The funny things is deepcopy works, but copy does not.

I looked at the source code for copy and it just says copy, which I don’t understand at all.

If I understand you correctly, then the following should resolve the issue:

mutable struct MyStruct
    field1::Array{Float64,1}
    field2::Array{Float64,2}
    MyStruct() = new()
    MyStruct(f1, f2) = new(f1, f2)
end

However, this does not appear to solve anything:

julia> a = MyStruct(zeros(1), zeros(1,1))
MyStruct([0.0], [0.0])

julia> b = copy(a)
ERROR: MethodError: no method matching copy(::MyStruct)
Closest candidates are:
  copy(::Expr) at expr.jl:36
  copy(::Core.CodeInfo) at expr.jl:64
  copy(::BitSet) at bitset.jl:46
  ...
Stacktrace:
 [1] top-level scope at none:0

Have I just misunderstood you?

You still need to implement the Base.copy method so that it will call your new constructor.
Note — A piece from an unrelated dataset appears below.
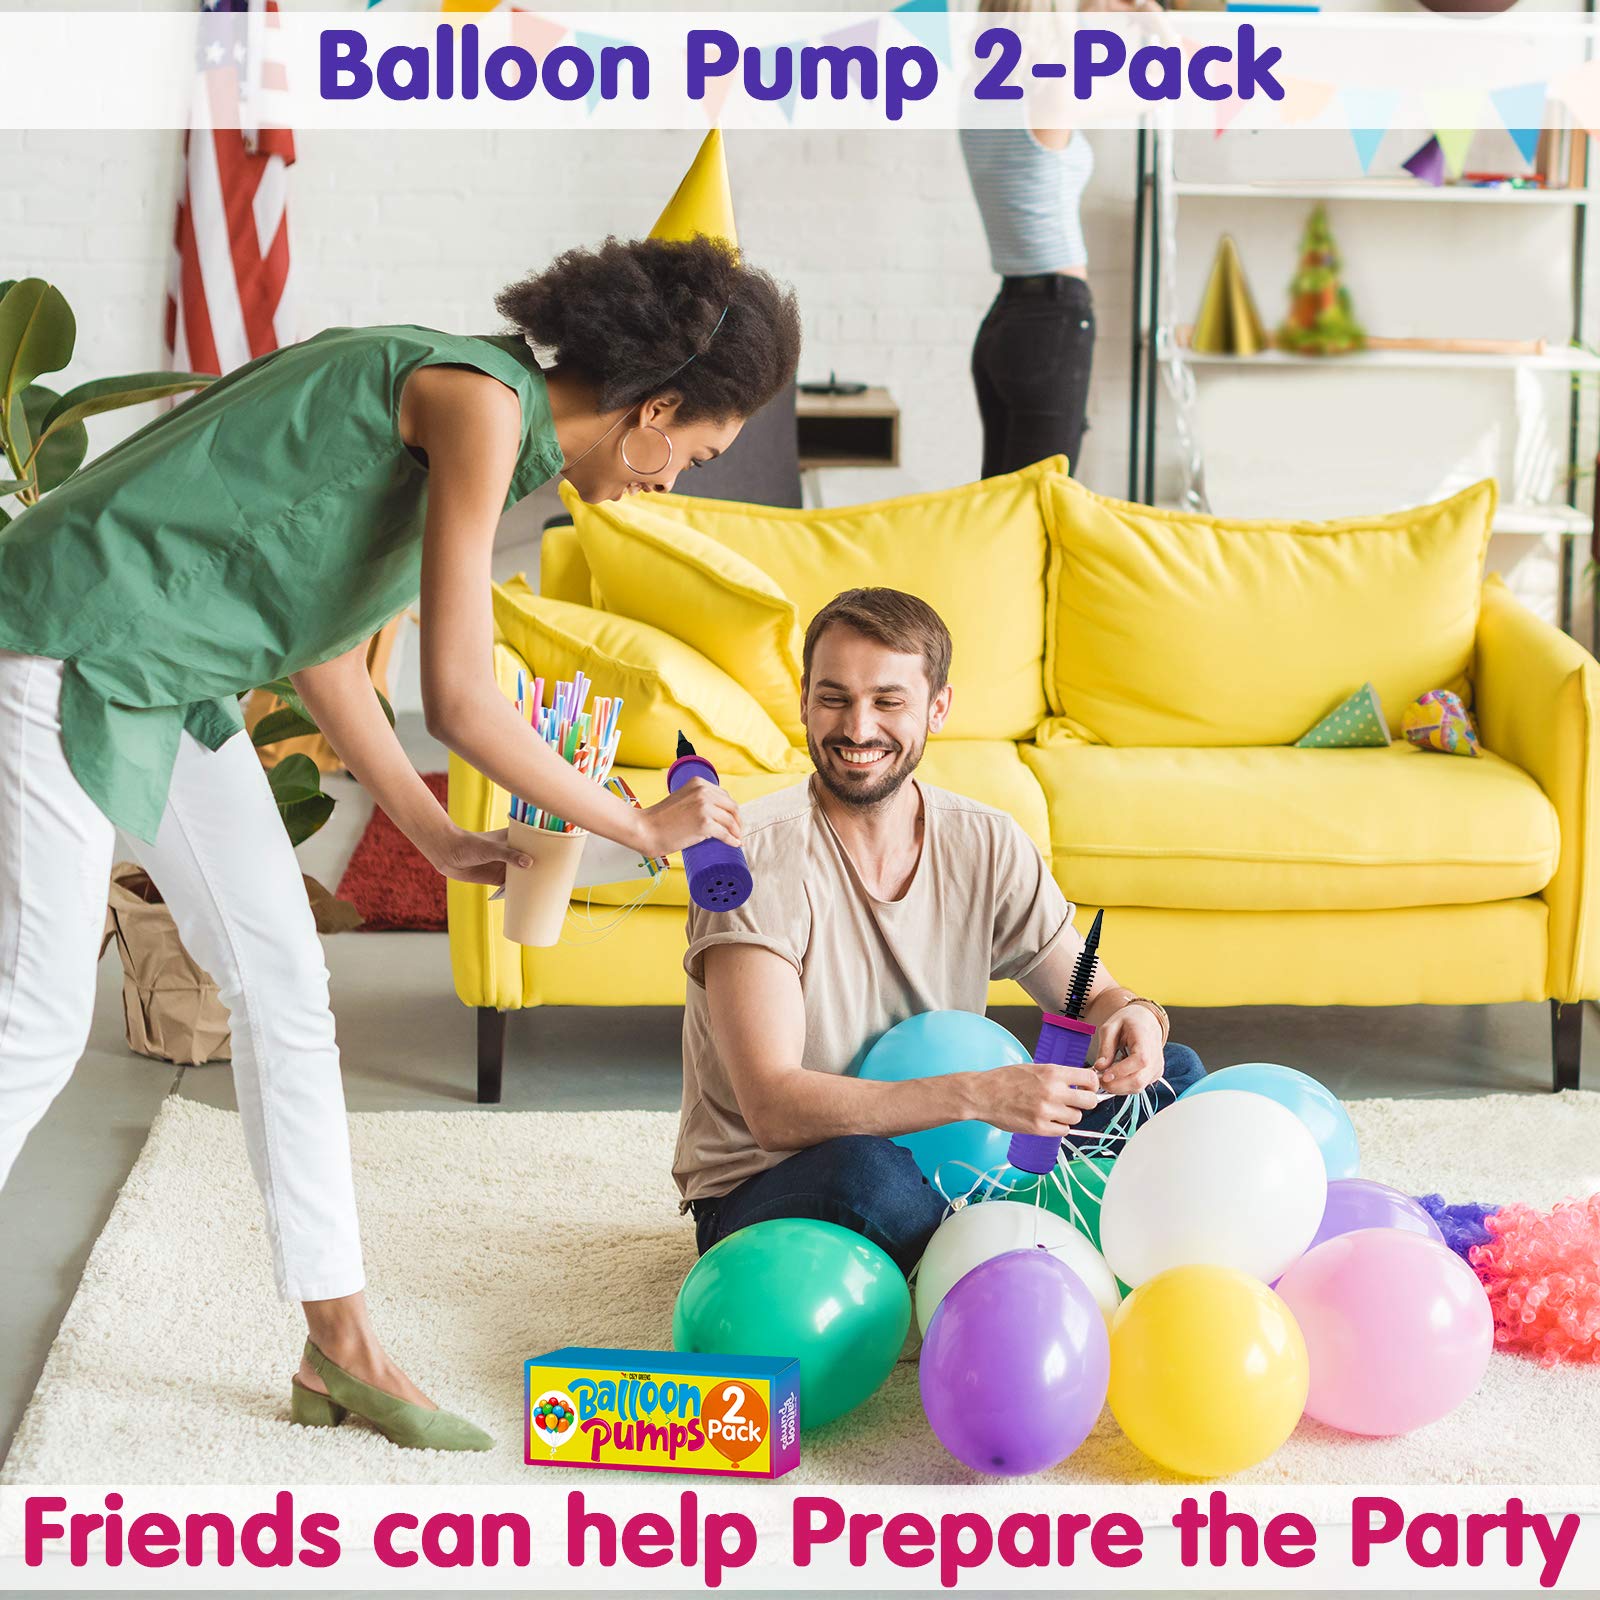 Balloon Pump Hand Held, Inflator Air Pump for Balloons - 2Way Dual Action, 2Pack: Friends can Help - Easy to Use, 100% Lifetime Satisfaction Guarantee - Sturdy Ballon Inflator Pump

That was essentially my point.

copy does not seem to have a fallback method for unknown types the way deepcopy does. So you cannot copy tuples, strings, user defined types, …
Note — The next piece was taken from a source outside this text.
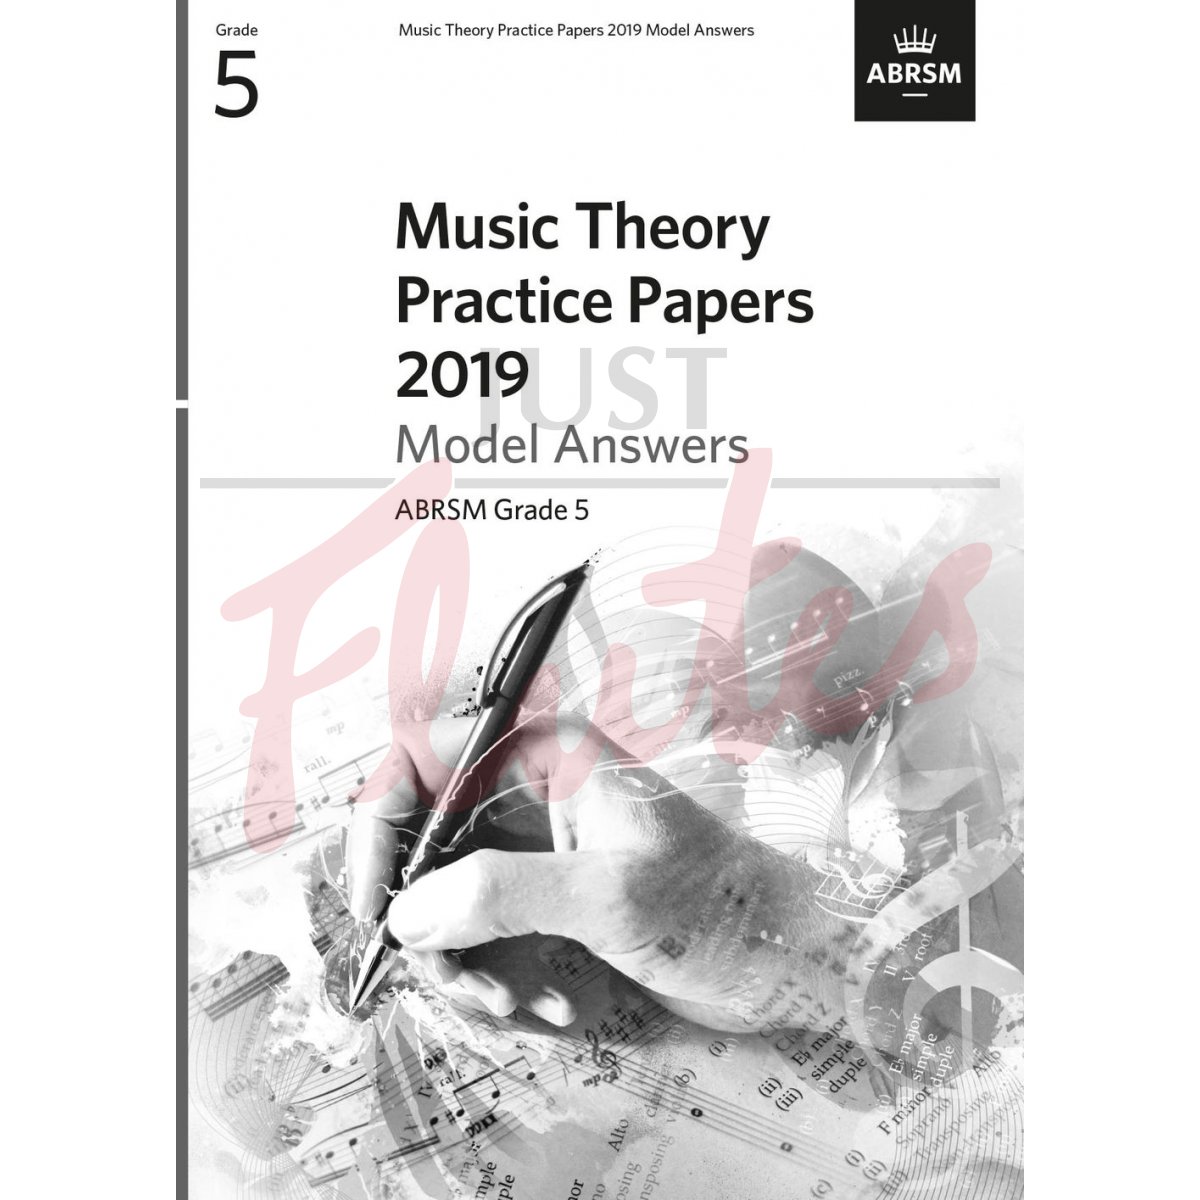 Music Theory Practice Papers 2019 Grade 5 - Model Answers

This seems to contradict the documentation which lists copy(x) as the signature. A bug?

1 Like

Yes it’s intended and no it’s not a really bug.
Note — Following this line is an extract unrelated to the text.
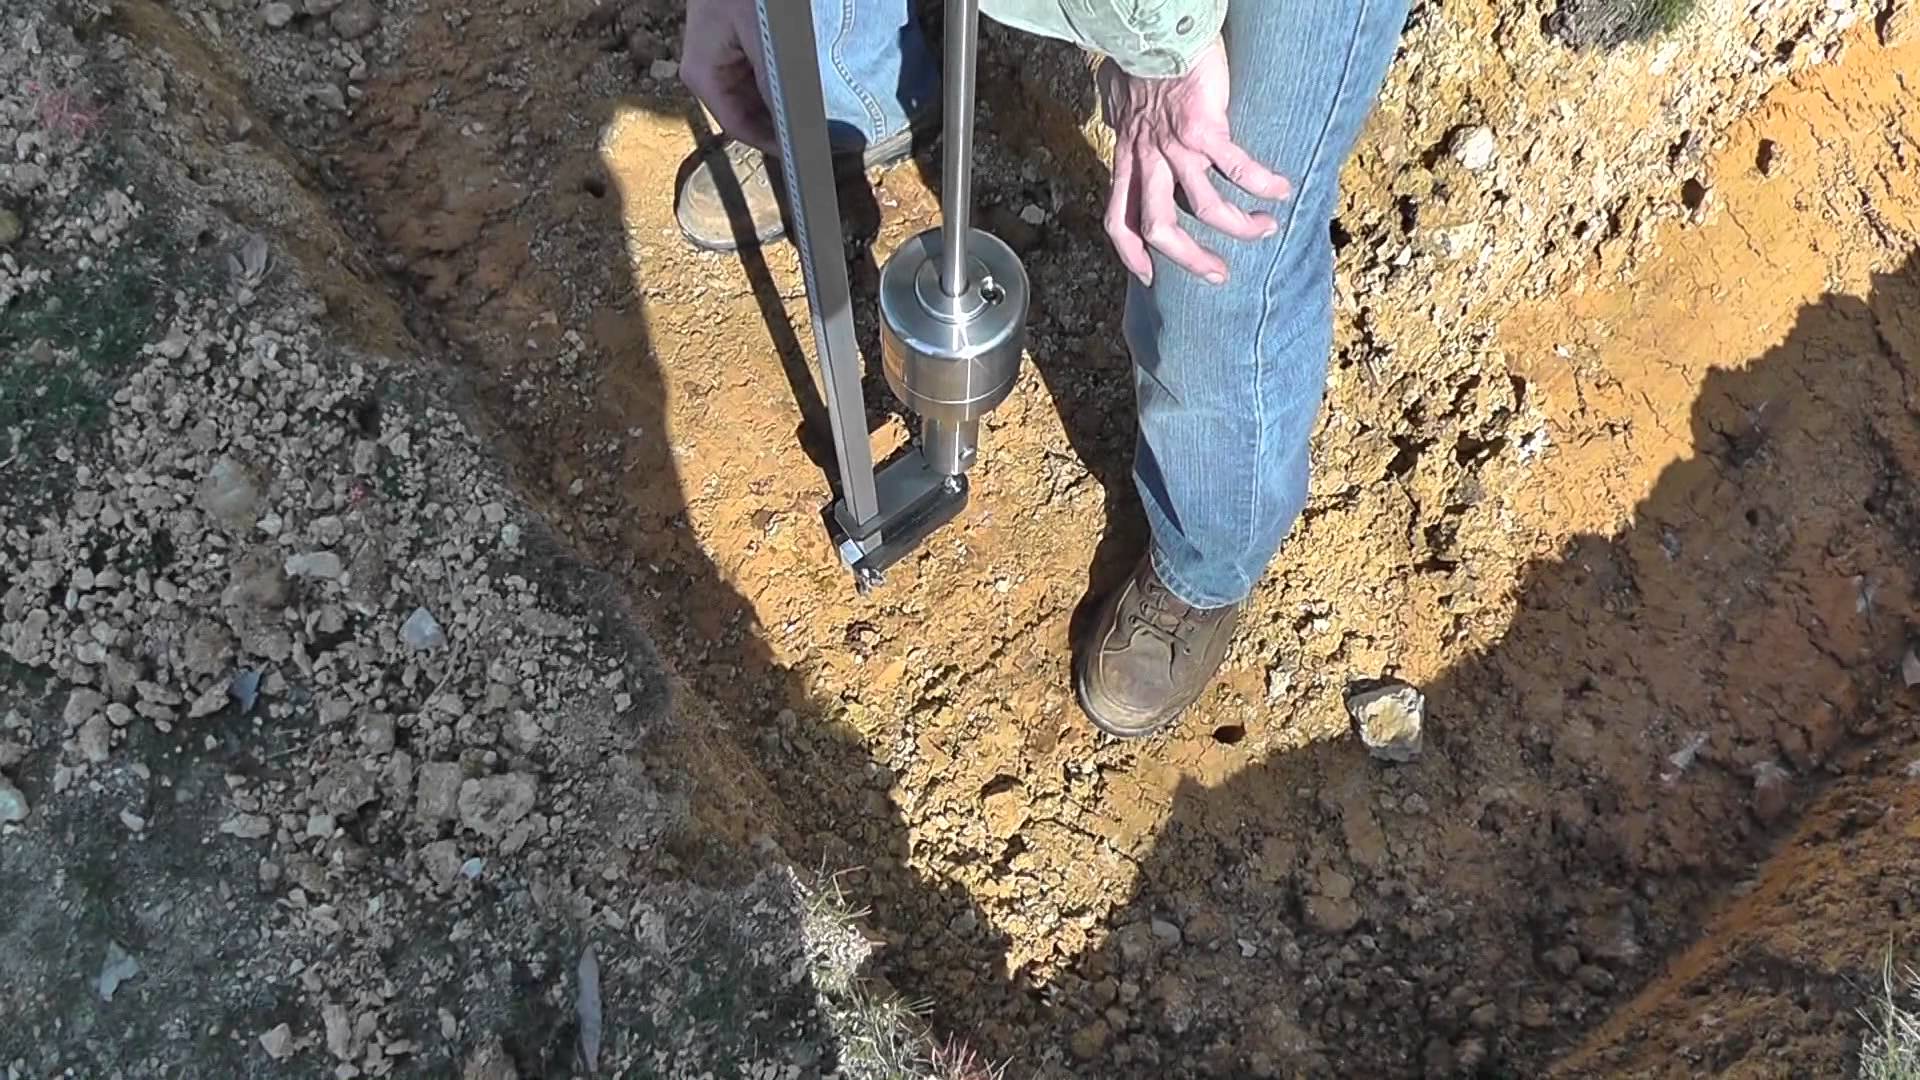 Types of Soil Tests for Building Construction

The absense of the fallback method is intentional since blindly copying something is bad and probably won’t do what you think it’ll do. This is demostrated in your

since the fallback copying for “tuples” and “strings” are no-op. In general, the definition of a shallow copy is a much more application defined concept, unlike deepcopy, which is defined as equivalent to deserializing and serailizing. (with some complication on pointers).

The document says copy(x) only to show the generic intent of the function, which I believe is common practice in the doc. It’s definately not acceptable to mention all signatures that is provided in Base since there are way too many to be helpful. You are certainly welcome to improve the doc though. Mentioning that some types cannot be couplied, maybe with examples, and say that user defiend types won’t be copiable by default.

Thanks for that clarification.

I think it would be helpful to augment the docs (perhaps I can figure out how to do this).